- Experimental API, meaning there is no production usecase on this yet.
- Basic Benchmarking has been performed to validate throughputs
- Aerospike Spark Connector(Aerospark) is used to read data directly into a DataFrame (https://github.com/sasha-polev/aerospark)
- The reason for choosing Aerospark over Java client for read is explained below:
- Aerospark : Read data directly into a DataFrame
- Native Java Client : Driver program has to first collect all records from the aerospike nodes and then create a dataFrame which is a costly operation.

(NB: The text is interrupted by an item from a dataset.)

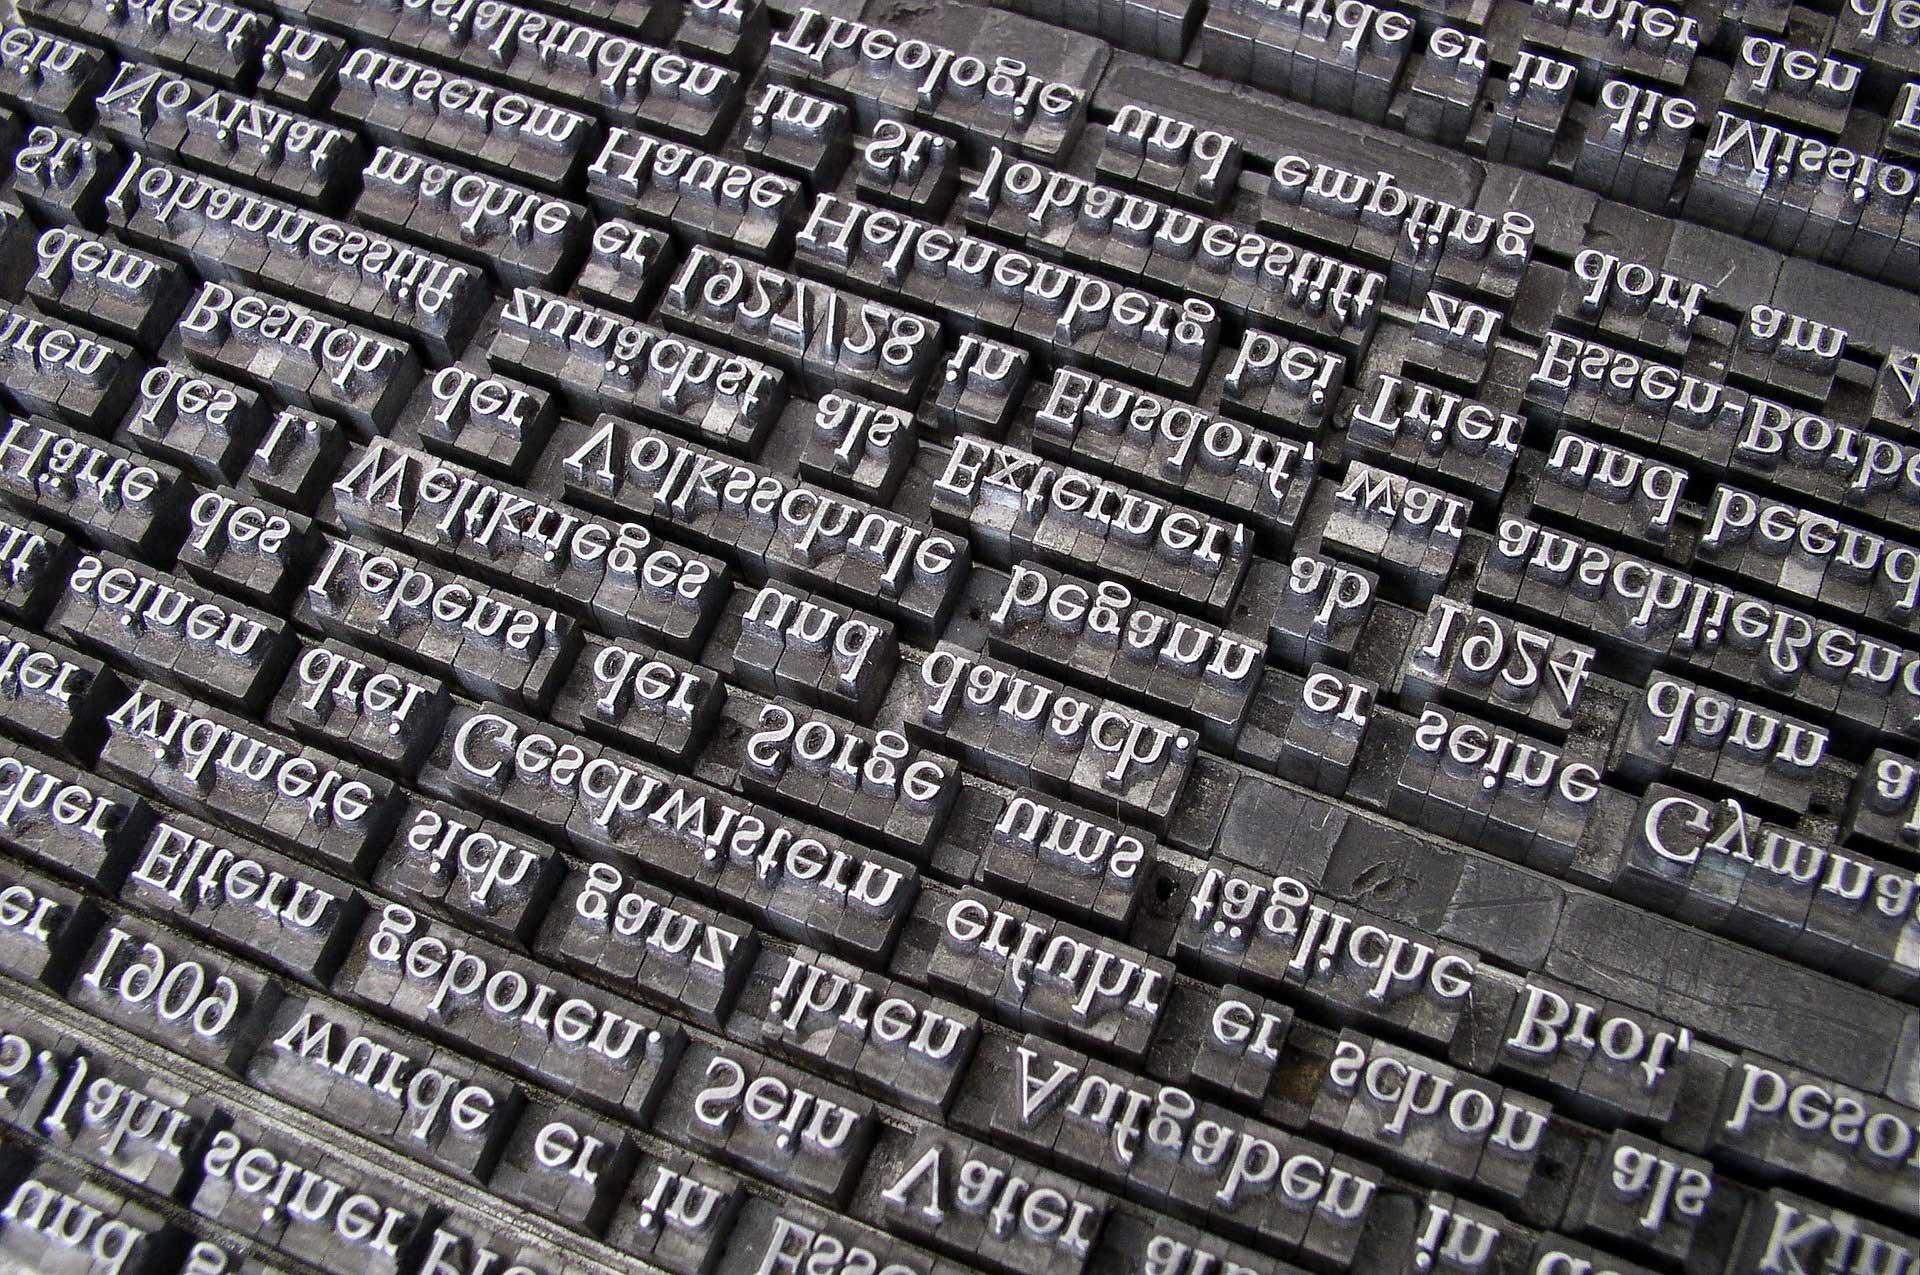 Procurement Language on Digital Marketplace Criticised

- Aerospike Native Java Client Put API is used.
- For each partition of the Dataframe a client connection is established, to write data from that partition to Aerospike.
The following hive table points to a Aerospike
CREATE EXTERNAL TABLE `pcatalog.test_aero`(
`payload` string)
LOCATION
'hdfs://tmp/test_aero'
TBLPROPERTIES (
'gimel.aerospike.namespace'='test',
'gimel.aerospike.port'='3000',
'gimel.aerospike.seedhost'='hostname',
'gimel.aerospike.set'='test_aero_connector',
'gimel.storage.type'='AEROSPIKE')
Property | Mandatory? | Description | Example | Default |
---|---|---|---|---|
gimel.aerospike.seed.hosts | Y | list of hosts fqdn or ip | localhost | |
gimel.aerospike.port | Y | port | 3000 | 3000 |
gimel.aerospike.namespace | Y | the namespace in aerospike | test | |
gimel.aerospike.set | Y | aerospike set name | sample_set | |
gimel.aerospike.rowkey | N | the row key for the set | col1 | first column in dataframe |
import com.paypal.gimel._
import org.apache.spark._
import org.apache.spark.rdd.RDD;
import org.apache.spark.sql._
import spray.json._;
import spray.json.DefaultJsonProtocol._;
// READ
val dataSet = DataSet(sparkSession);
val df = dataSet.read("pcatalog.test_aero")
// WRITE
// Create mock data
def stringed(n: Int) = s"""{"id": ${n},"name": "MAC-${n}", "address": "MAC-${n+1}", "age": "${n+1}", "company": "MAC-${n}", "designation": "MAC-${n}", "salary": "${n * 10000}" }""";
val numberOfRows=20;
val texts: Seq[String] = (1 to numberOfRows).map { x => stringed(x) }.toSeq;
val rdd: RDD[String] = sparkSession.sparkContext.parallelize(texts);
val dataFrameToWrite: DataFrame = sparkSession.read.json(rdd);
dataFrameToWrite.show;
// write it to Aerospike via PCatalog
val df = dataSet.write("pcatalog.test_aero",dataFrameToWrite)